There is a 200 ft gap in the causeway that allows boat traffic to cross. A donation-based ferry operates in the summer months carrying trail users over the gap.

==History==
Passenger service on the Rutland's Island Line (and on the entire Rutland Railroad system) ended after a strike by employees in late June 1953. A second set of strikes, in 1960 and 1961, brought about the complete closure of the Rutland Railroad. The final trains ran on September 25, 1961. In 1963, the state of Vermont purchased the abandoned, but not torn-up, Rutland Railroad lines from Burlington to Rutland, North Bennington, Hoosick Junction, and Bellows Falls, leasing them to the Vermont Railway and the Green Mountain Railroad to resume freight service, but the state chose not to acquire and reopen the Island Line.

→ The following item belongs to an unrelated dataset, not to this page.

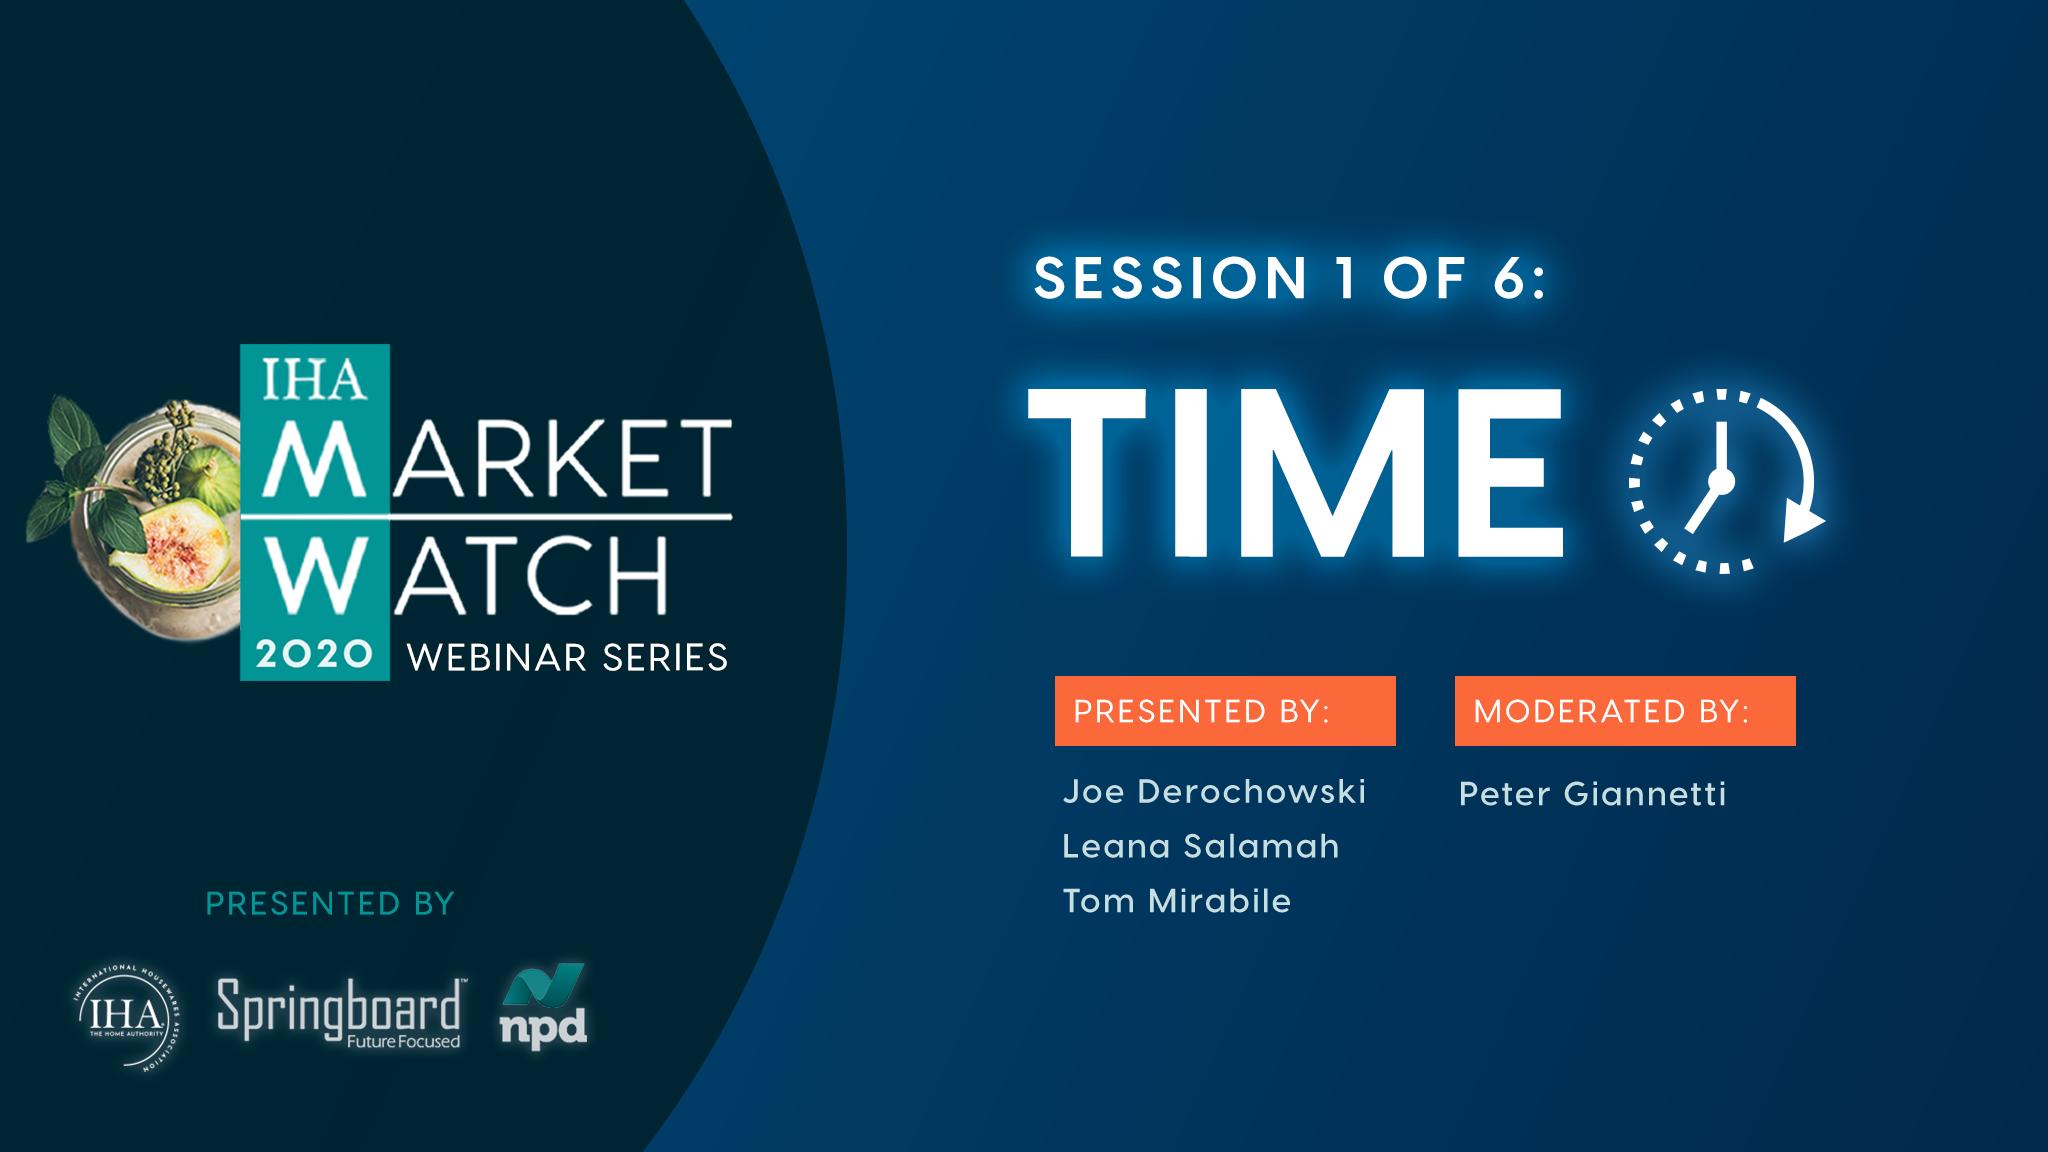 IHA Market Watch - Session 1 - Time

There was little on-line traffic left on that portion of the route, and freight for Canada could be routed from Burlington north to Montreal over the somewhat-longer Central Vermont Railway through St. Albans, Vermont. After several years of inactivity, restoring service on the Island Line would have required extensive rebuilding, and renovations of the three swing bridges on the line over various bays of Lake Champlain. Ultimately, all of the swing bridges on the route were removed, but the roadbed on the causeway across the lake survived, as it was heavily built with much use of granite and marble tailings. The alignment along the shores of Lake Champlain from Burlington Union Station north to the causeway was converted to form the Burlington Bike Path, and later took the Island Line name when the causeway was reopened, with a seasonal bike-ferry replacing the swing bridge in the northern portion of the causeway alignment. Due to a 200 ft gap in the causeway, the organization Local Motion operates the Island Line Bike Ferry to shuttle cyclists across the gap.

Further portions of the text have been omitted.